Russian Roulette loyalty test. Okay, let’s call a spade a spade: making prospective hires do Russian Roulette is utterly bananas. Why on Earth would you voluntarily deal with the hassle of 17% of candidates getting their brains splattered across your shed? Not to mention the paperwork. That bit of silliness aside, however, the show does a better job of explaining Reacher’s “gaming” of the test. In the book, he spins the cylinder with the knowledge that a weighted bullet will cause the loaded cylinder to rest at the lowest position (i.e. three cycles away from the barrel) almost every time. Reacher reckons that the risk of shooting himself is “1 in 600,” and he’s okay with those odds. I’m not personally familiar enough with revolvers to rule this out definitely (they’re not a military weapon), but it seems a bit unrealistic to me, and Reddit seems to back this up (please let me know what you think about this in the comments below).

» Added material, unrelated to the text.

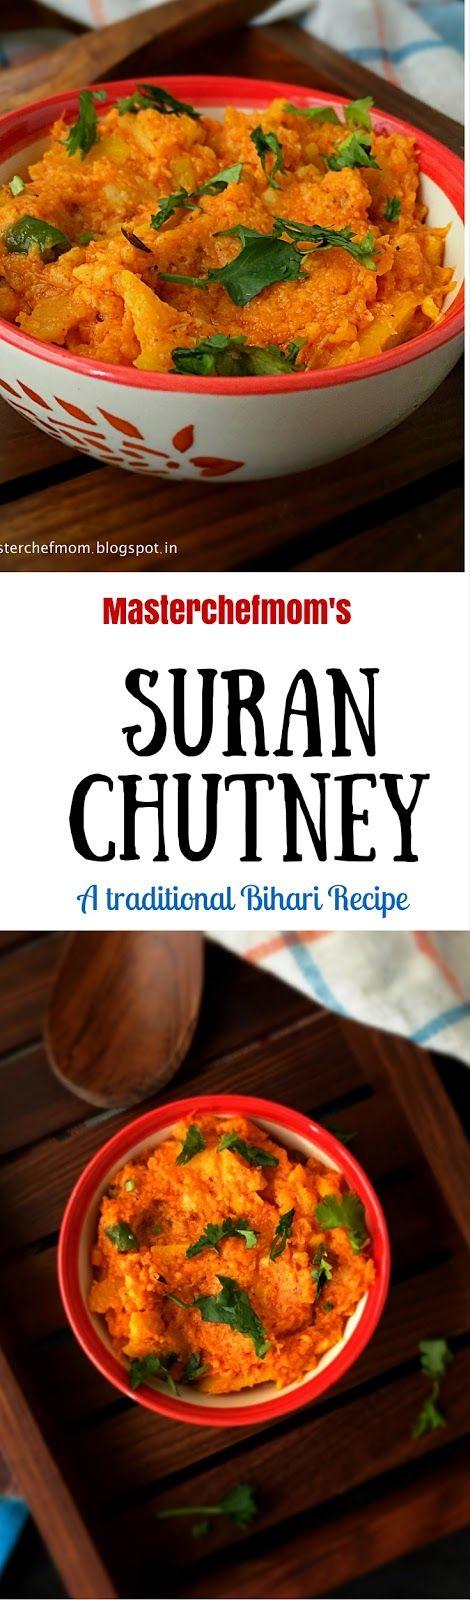 MASTERCHEFMOM: Bihari Suran Chutney | Bihari Ole/Oal Chutney |Bihar Style Elephant Yam Chutney | Jimmikand Chutney |Traditional Chutney Recipe | Gluten Free and Vegan Recipe

In the show, Reacher uses the mark he’s made on the revolver which allowed him to differentiate between the ball and blank rounds during the “kidnapping” setup. I like this solution better, because it relies on his earlier ingenuity.
Homage to Predator. I don’t recall this scene from the books: maybe I’m wrong and this was already there. I think not though. I’m talking about Reacher channelling Arnold Schwarzenegger in Predator by covering himself in mud before dispatching Quinn’s goons one by one:
This is a great scene which is pure Reacher: cold (literally), calculating, and ruthless.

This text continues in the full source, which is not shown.